If you liked the picture, it’s one of mine :) I’m quite proud of it to be honest. There’s more of my art and photography over on Stray Visions: The Stray Thoughts Art Shop if you felt like checking it out (all money raised there is donated to charity).

There’s also more fun and games to be had over in The Game Zone on this very blog.

Hope you all are having a wonderful weekend.

Posted in Art, Fun, Mental Health, Scotland, laughterwith No Comments →

The Video Adventures of Addy in Scotland: Portlethen & Aberdeen03.07.08

A rambunctious video double featuring the mighty collossos metropolis of Portlethen (!) and then an incredibly bizarre coda featuring Aberdeen beach in the middle of a mighty gale and rainstorm! Enjoy.

Posted in Scotland, Video Blog, Youtubewith No Comments →

The Video Adventures of Addy in Scotland - #6: Balnuaran of Clava03.03.08

Posted in Scotland, Video Blog, Youtubewith No Comments →

The Video Adventures of Addy in Scotland - #5: Culloden02.27.08

A video which is a little different than those published so far during this trip.

Bored one evening I began playing around with editing so rather than just post the “video blog” there are a few additions and a bit more historical information to this video. I could say “does anyone smell cheddar?” as it does get a wee bit cheesy, but hey, this was an atrocious chapter in British history so I think I’m allowed a little edammy-leeway here and there :)

Posted in Culloden, History, Scotland, Video Blog, Youtubewith No Comments →

My Journey in Scotland: Days 8 & 9 - Loch Ness02.27.08

Drumnadrochit, or Drum as it will hitherto be known, is a small township of only 600 (approx) lying midway up the North Side of Loch Ness. Which, unless you’ve been living in a remote cave somewhere in the Himalayan wilderness for the last century, is home to the ‘Monster’, or Nessie as she will hitherto be known.

There have been tales of strange sightings and occurrences at Loch Ness dating back to the time of St. Columba (the Irish monk who established the church upon Iona and whom attempted to convert the Highlands to the ways of Christianity. These sightings have varied from Sea Serpents and Sturgeons to the more mythical explanations; water kelpies and unknown monsters (i.e. Nessie)

It wasn’t until 1933 that Nessie sightings took off and began making a name of Loch Ness across the world. It was in this year that, following a somewhat biased article in the Inverness Courier (the local paper), Nessie sightings began to become regular occurrences.

Then, in April 1934, this picture appeared:

hu7106-001_11_lg.jpg

Without question the most famous photo of Nessie which has yet to hit the general population. Surely this shows the infamous Nessie in all her beautiful, somewhat blurred glory? Well…actually, what most people don’t know is that this photograph was released the press on April 1st - All Fools Day! Yet for over half a century, until the late 1990s this photograph was widely heralded as the most concrete proof that something did indeed exist in this mighty loch.

Only it was then revealed it was a fake; it is in fact a toy submarine with a toy dinosaur stuck on top.
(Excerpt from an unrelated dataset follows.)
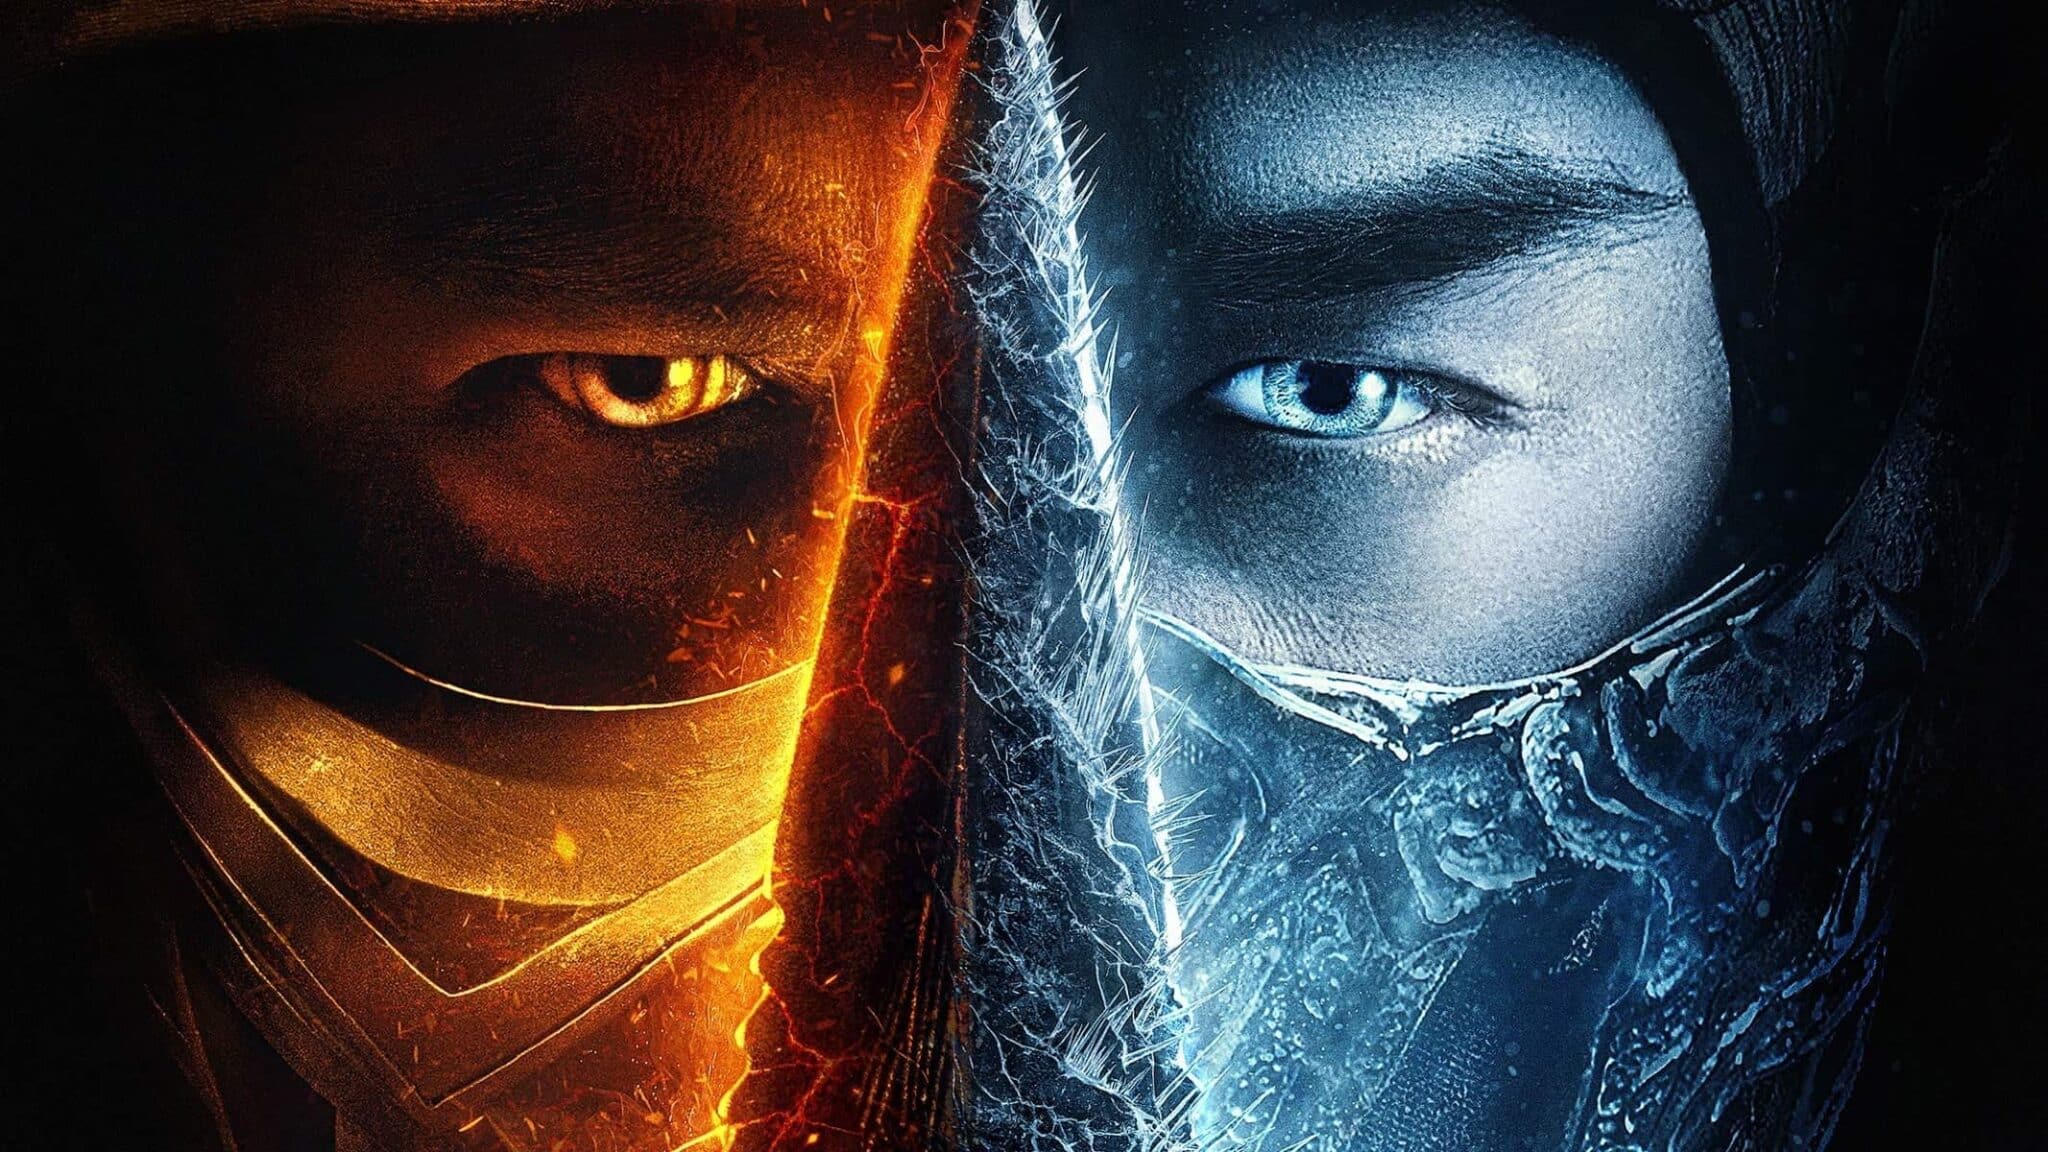 WATCH The First 7 Minutes of The Mortal Kombat Movie

Yet it was a photograph that captured the imagination of the world, kick started over half a century of research, ignited thousands of people into becoming amateur Nessie hunters, created a massive tourist boom around the loch and cemented the name Loch Ness into the annuls of history.

I will stress straight away that I am a believer. Colour me naïve, but I am positive there is something lurking in the murky waters of this loch.
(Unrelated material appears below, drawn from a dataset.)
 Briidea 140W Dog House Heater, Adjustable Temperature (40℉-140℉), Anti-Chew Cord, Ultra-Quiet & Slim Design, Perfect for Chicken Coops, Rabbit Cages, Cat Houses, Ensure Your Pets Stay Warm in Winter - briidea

If you haven’t been there, some basic facts:

  • The loch is approx. 24 miles long.
  • It is, in parts, over 750ft deep.
  • The floor of the loch is as flat as a bowling green.
  • There is more water in the loch than in all of the fresh water lakes in England and Wales combined.
  • There is in fact 263 thousand million cubic feet of water in the Loch, that’s approximately 16 million 430 thousand gallons of water.
  • It could hold the population of the world ten times over!

Loch Ness

I will, however, stress almost as quickly that I am not saying it is a Pleiseosaur or other prehistoric creature. I said I believe there is something in the loch, which I’m sure there is. It might be a giant eel, a befuddled whale, a ravishingly beautiful naked mermaid or even a never-before-seen species of water based badger. It might be anything, because what it is isn’t important to me, what is important is that I believe something is there. And as Isobel says:

“No Mr Dempsey, you have to believe it before you can see it,”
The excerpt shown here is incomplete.